What are the use cases for immutable classes?
(Note that Obj-C has use cases for things like NSArray vs. NSMutableArray, or NSString vs. NSMutableString, but we've already made those cases go away in Swift by using value types for arrays and strings.)
I think we would need to also add the concept of fixed member functions (or require the use of mutating as with structs, which would be more consistent but possibly more onerous and maybe even source-breaking). Then you know which methods you're allowed to call on a fixed instance, and within those methods you would also be restricted to fixed or non-mutating methods on your properties.
As for use cases, I've had some situations where I started out making something a struct but ended up switching to class for various reasons - wanting inheritance and/or polymorphism because of how my data types overlap, needing to inherit from NSObject for use with some Cocoa API, etc. The instances are still conceptually data objects, so having it well-defined when those objects can change is valuable.

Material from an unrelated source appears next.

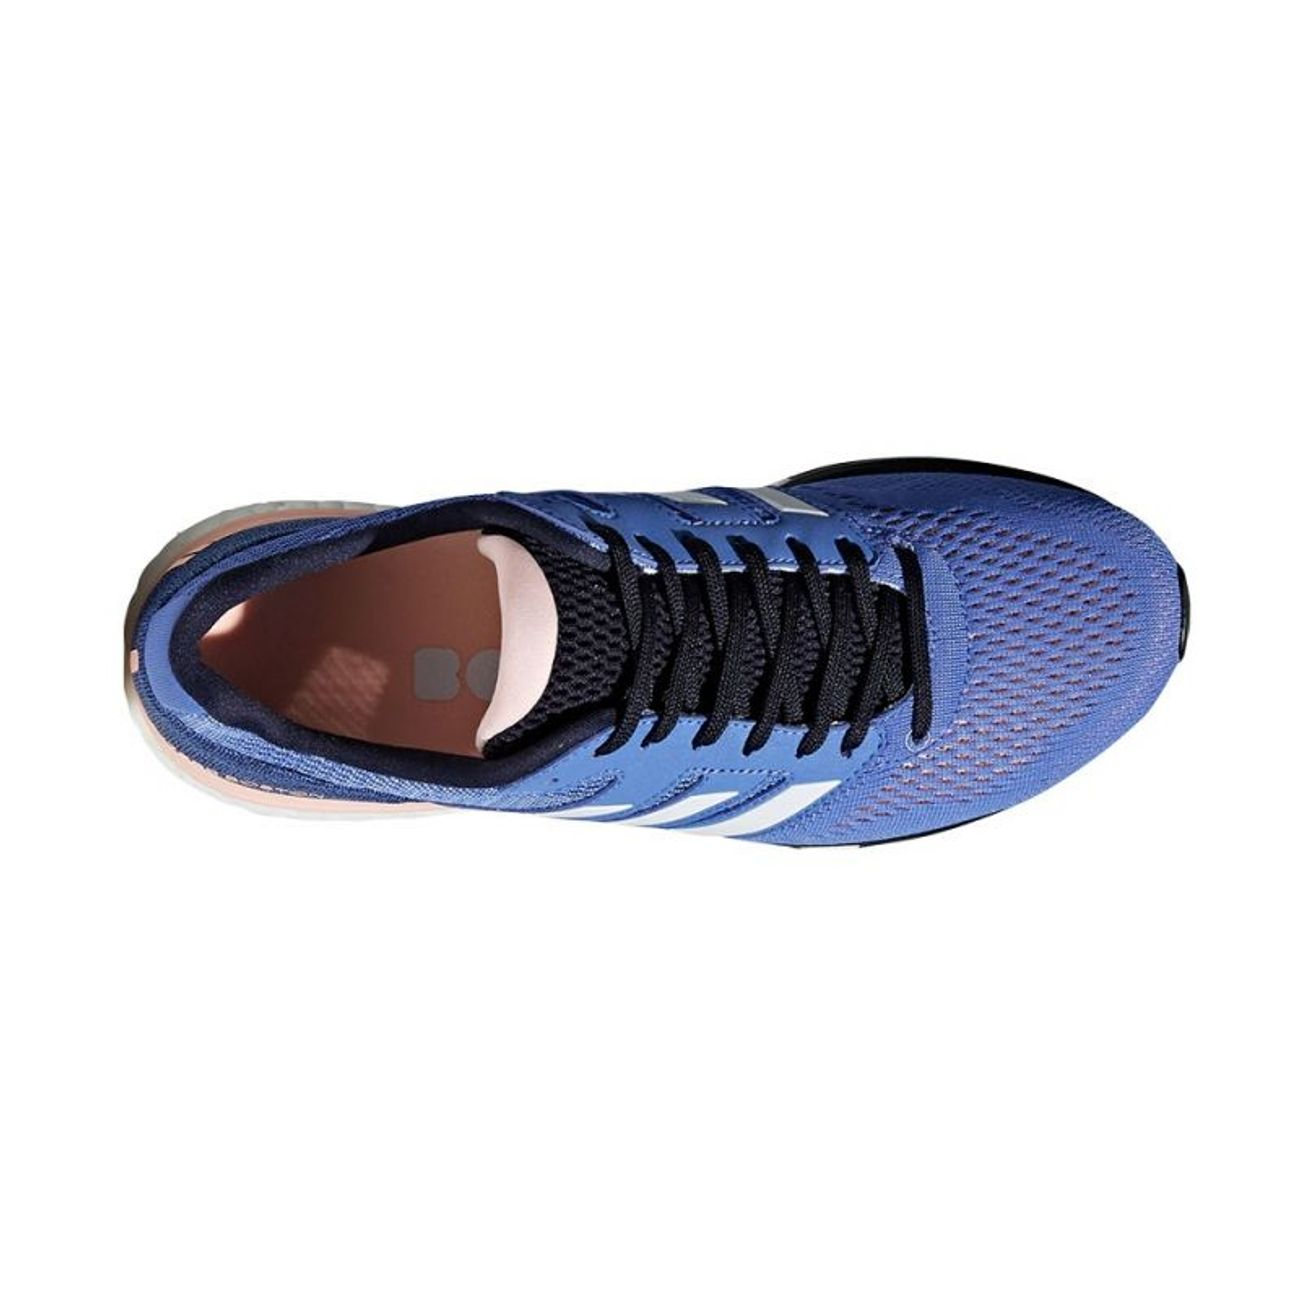 wholesale dealer 74bd4 4829c ... running femme ADIDAS Adidas - adizero Boston 7 Femmes chaussure de  course (pourpre) ...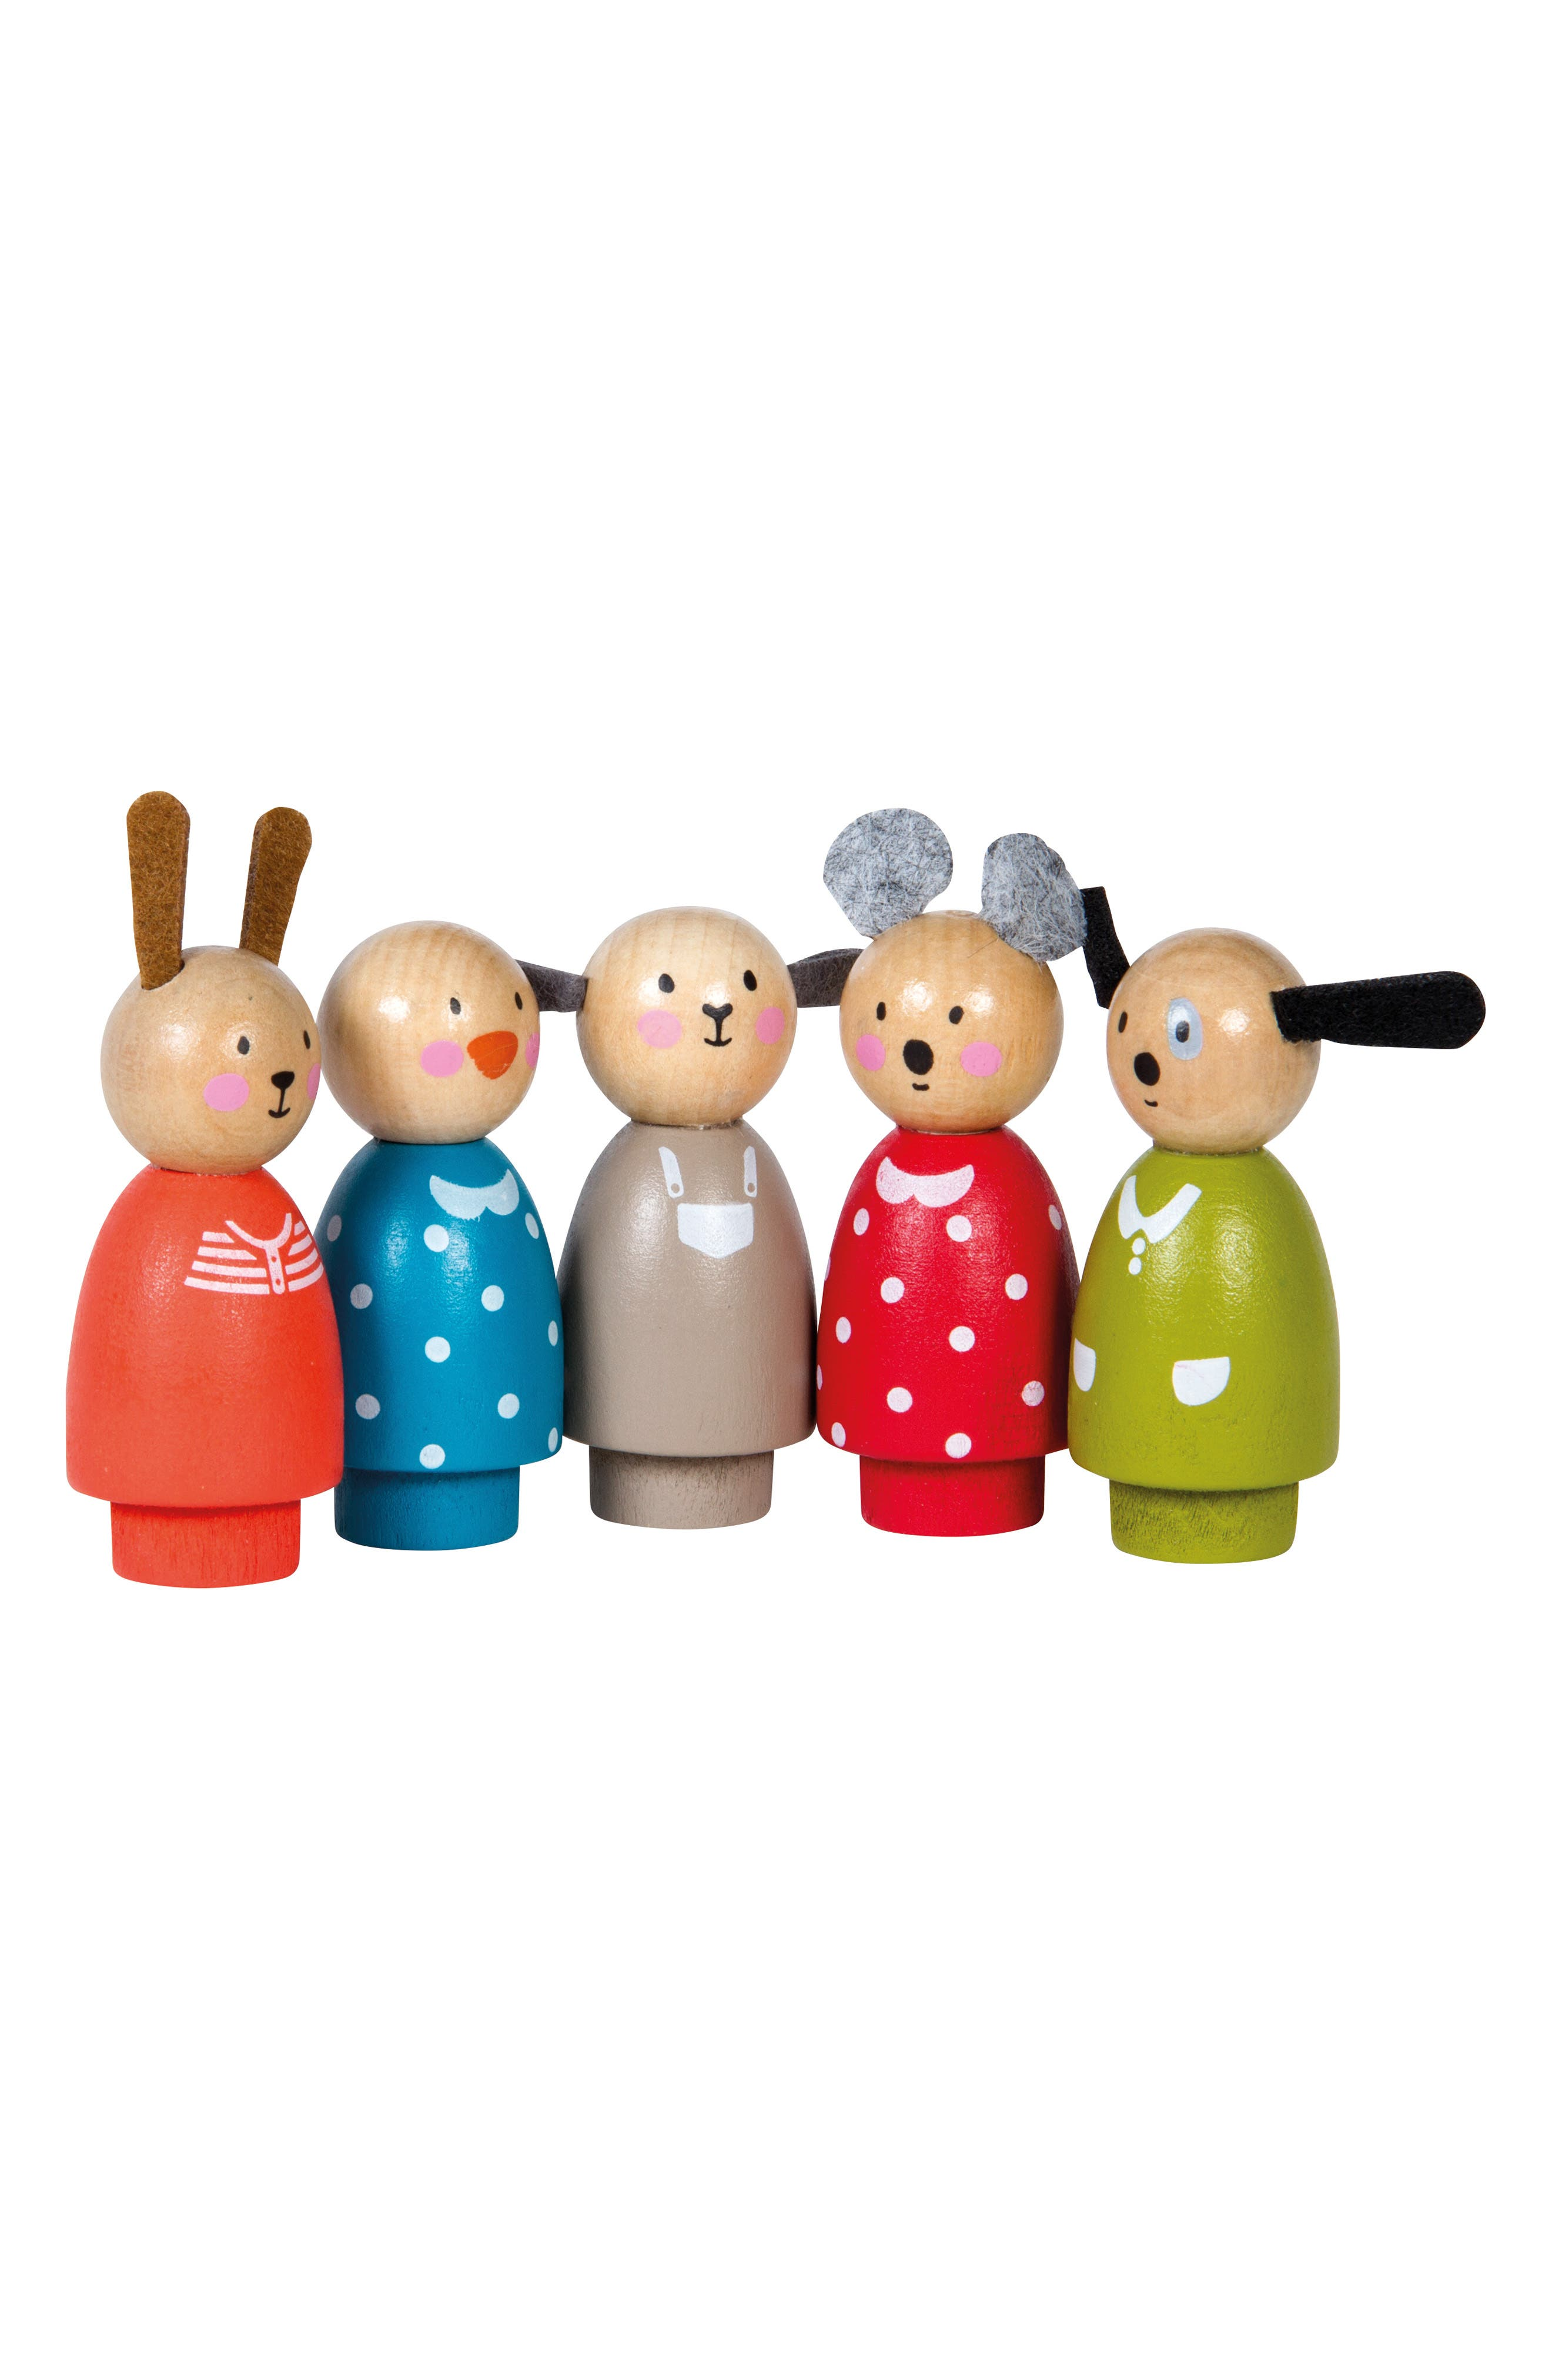 Moulin Roty La Grande Famille 5Piece Wooden Character Set

Which would prevent the declaration of fixed function that try to mutate private members (like caching a result on first call, and then return it on subsequent calls).
Unless you plan to also support explicitly mutating members that would be modifiable from a fixed function. But at this point, we are just reinventing C++ const.
The way I've achieved this pattern in the past (fairly cleanly, IMHO) is to have the "mutable" class as described, and the owner vend a read-only struct (via method on the class instance) representing the values, with both class and struct conforming to a protocol which describes the read-only properties they both provide.
Then the class owner can mutate the values, and non-owners can access the current state of the values via the read-only struct.
To me, this seems a clear expression of the described contract, and honestly very little boilerplate or extra hoops are involved.
In some cases where it made sense, I've even made the state-managed mutable class private, truly locking down all mutations to the scope of the instance owner.